§ **PROVIDED ENTRIES**
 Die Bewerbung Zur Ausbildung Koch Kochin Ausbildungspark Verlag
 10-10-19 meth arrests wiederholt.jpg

--

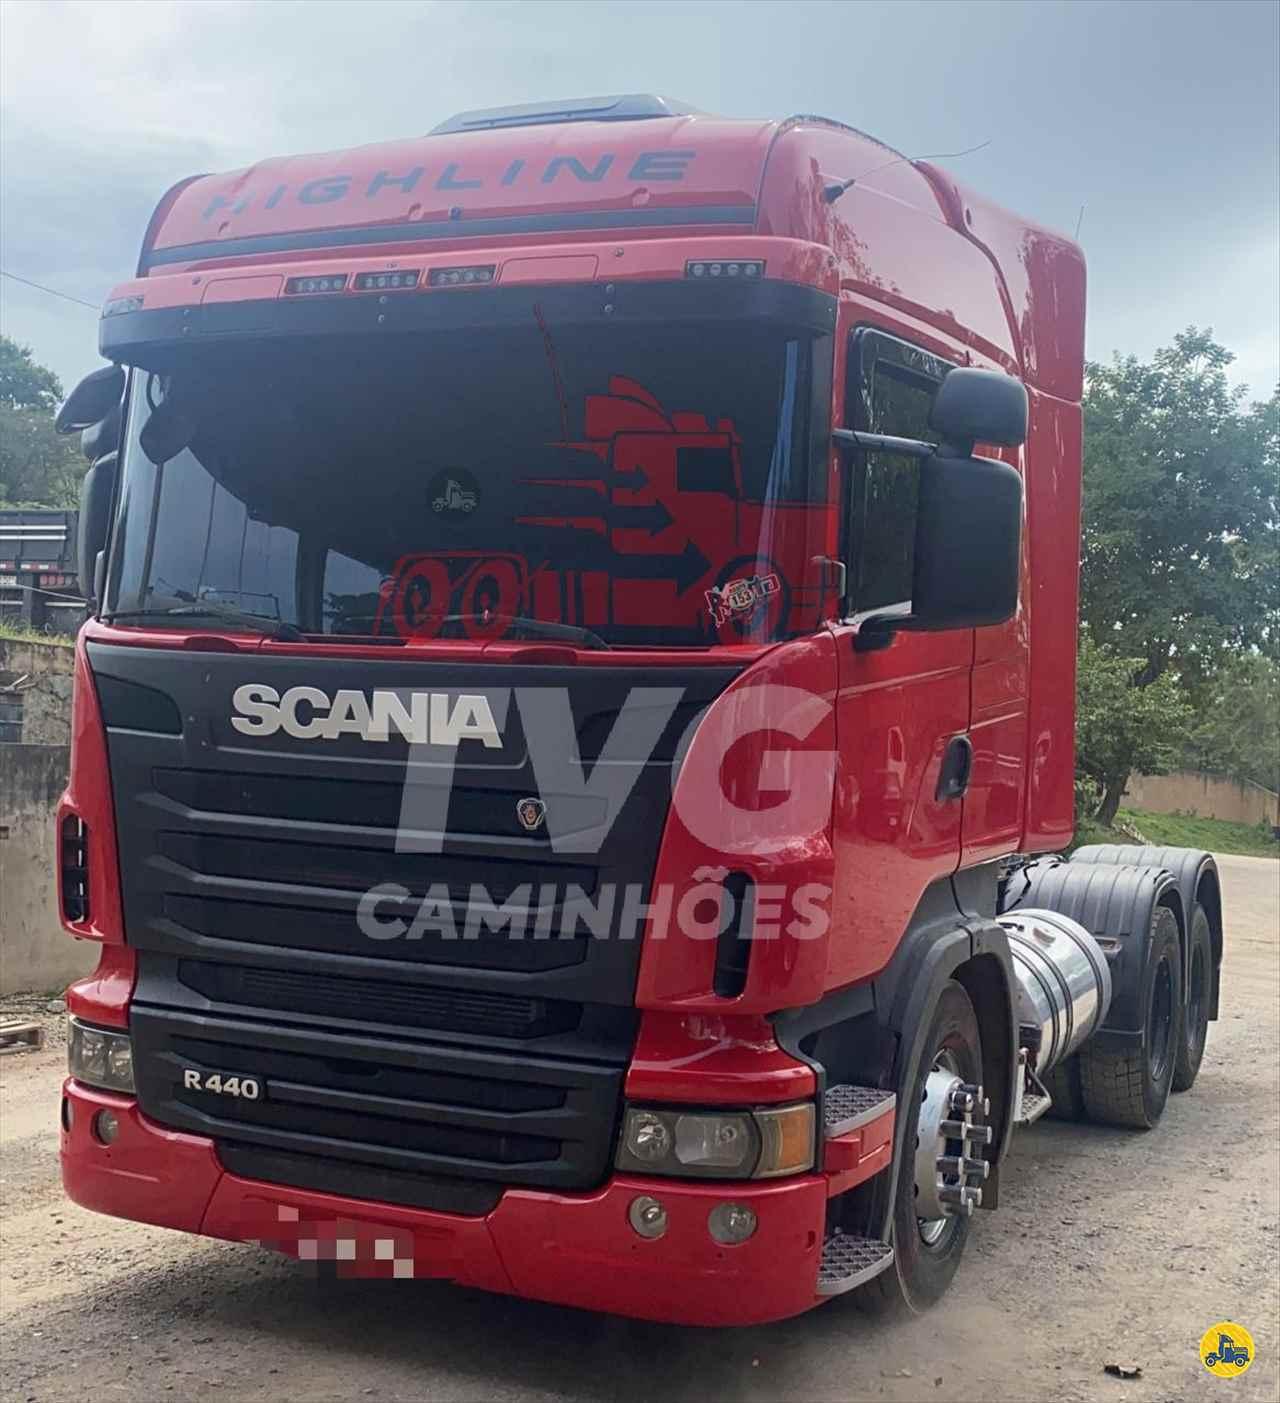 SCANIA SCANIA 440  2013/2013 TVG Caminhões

§ **WHAT YOU ARE ASKED TO DO**
Begin at the line above that has "Die Bewerbung Zur" and stop after the line that has "10-10-19 meth arrests wiederholt.jpg", copying each line exactly and adding nothing else.

§ **ANSWER**
 Die Bewerbung Zur Ausbildung Koch Kochin Ausbildungspark Verlag
 10-10-19 meth arrests wiederholt.jpg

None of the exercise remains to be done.